At the same time, as shown in Fig. 7, it indicates that the spironolactone release from micelles starts with an initial burst, followed by a slow release phase. The same release action trends are present in the all micelles formed by different block composition of copolymer. This release behavior is mainly due to the geometry of spironolactone location within micelles. The drug located in the hydrophilic corona of micelles leads to the initial release burst within the first several hours, and this action could proceed for a certain time via their passive diffusion. Then, the slower release mainly results from the drug localized in the inner core of micelles. The drug release process from the block copolymer micelle is usually a complicated process and depends on several factors, such as the nature of drug, micelle, or process technology. Thus, drug release process might be mainly controlled by different mechanism. According to previous Ritger–Peppas regression model [42, 43], n is acted as an exponent characteristic of the release mechanism. If the value of n is between 0.5 and 1, an anomalous diffusion from the micelle is present in the drug release process. In this paper, we also estimate the value of the exponent characteristic n, and it indicates that the values of n are more than 0.7 for all the examples within the drug release process. Therefore, it shows that the drug release from the micelle deviates from the Fickian diffusion control mechanism, and the in vitro release behavior of spironolactone from polymeric micelles is mainly affected by the main chain and end chain within copolymer.

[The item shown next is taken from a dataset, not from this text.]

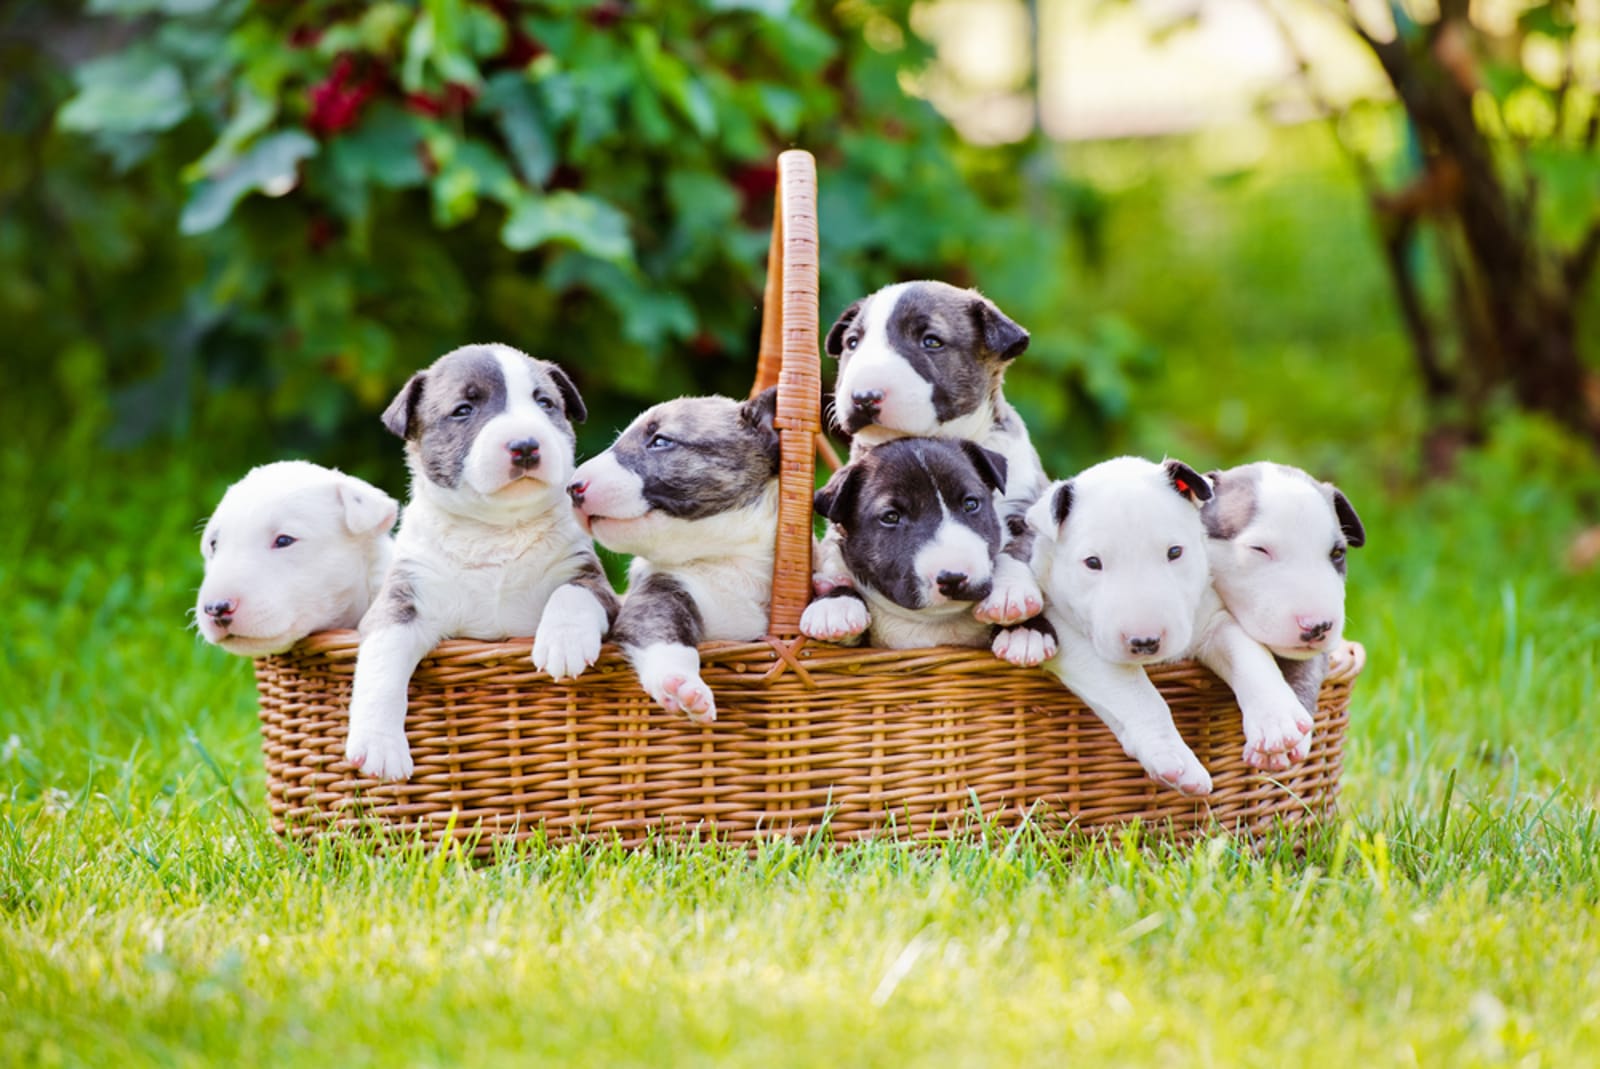 Several puppies in a basket in a field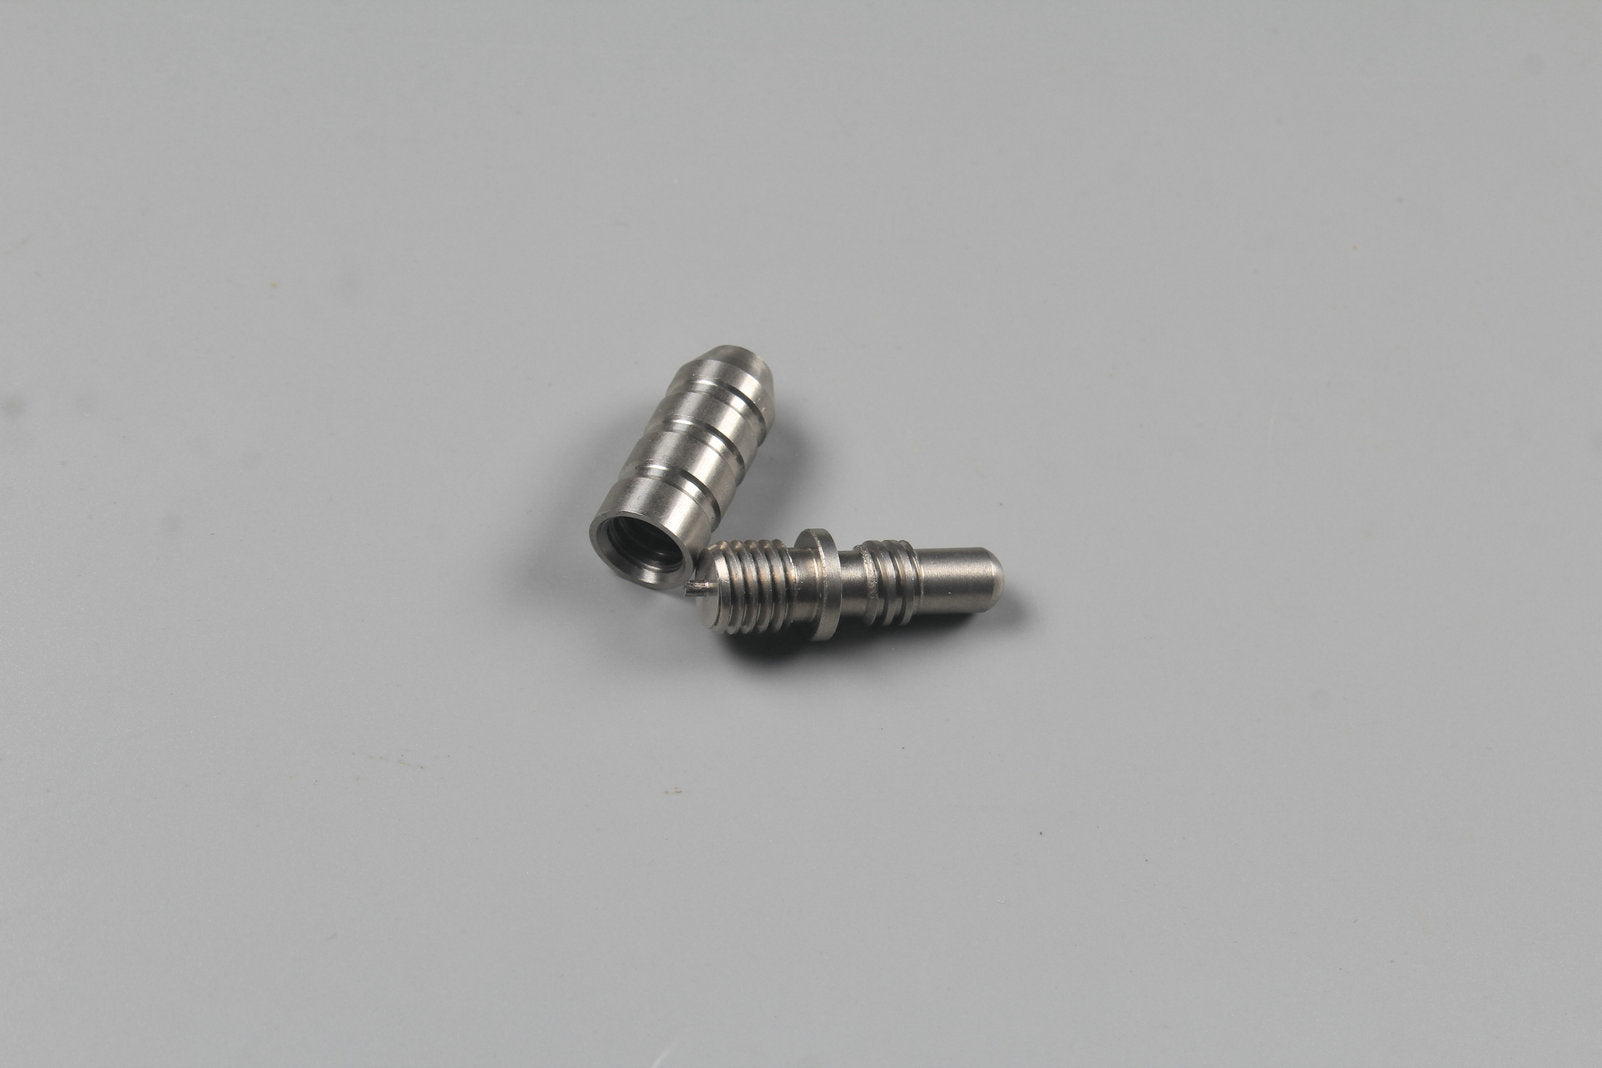 cue butt end joint stainless steel pin and socket for SD mini butt or extension

In addition, it is well known that there is a dynamic equilibrium process between aggregated polymers and unimer. If polymer micelle is able to form glassy core under a certain condition, the equilibrium can be curbed completely and the frozen micelles are induced to form. Glassy core has been proposed to slow release rate of pyrene from a micelle carrier in aqueous solution [44]. It was reported that the hydrophobically end-capped poly(ethylene oxide) (with PEO molar mass 4.3 kg/mol and end capped with C18 group) was able to form frozen micelles in dilute aqueous solutions and be independent of temperature [33]. Therefore, in this paper, the frozen micelles may be present in the hydrophobically end-capped poly(ethylene oxide) aqueous solution with the segment length addition of alkyl group within triblock copolymer from C12 to C18, leading to slow down the spironolactone release rate and cut down the cumulative release. In the end, the release rate of spironolactone from the triblock copolymer micelles is decreased for the longer alkyl segment within copolymer correspondingly.

Conclusion

A series of hydrophobically end-capped poly(ethylene oxide) with different segment length of PEO block and alkyl group are synthesized successfully. The properties of triblock polymers are affected significantly by the relative length of PEO segment and alkyl group. The hydrophobically end-capped poly(ethylene oxide) is able to aggregate in aqueous solution to form spherical micelle above a critical association concentration. The spherical micelle size becomes larger along with the decrease of PEO segment length or the addition of alkyl group length within copolymer. The sizes of free-loaded micelle and drug-loaded micelle formed by triblock polymers are almost less than 130 nm, which indicates that the micelles are nanoscale. It is suggested that the drug-loaded micelle size is larger than the free-loaded micelle size, demonstrating that spironolactone drug is able to entrap into the micelle core. The drug release profiles indicate that hydrophobically end-capped poly(ethylene oxide) micelle could be employed as a promising vehicle for the delivery of poorly water-soluble drug. In addition, the final release rate of spironolactone from the triblock copolymer micelles is decreased gradually with the length addition of alkyl group or the length reduce of PEO block within triblock polymer.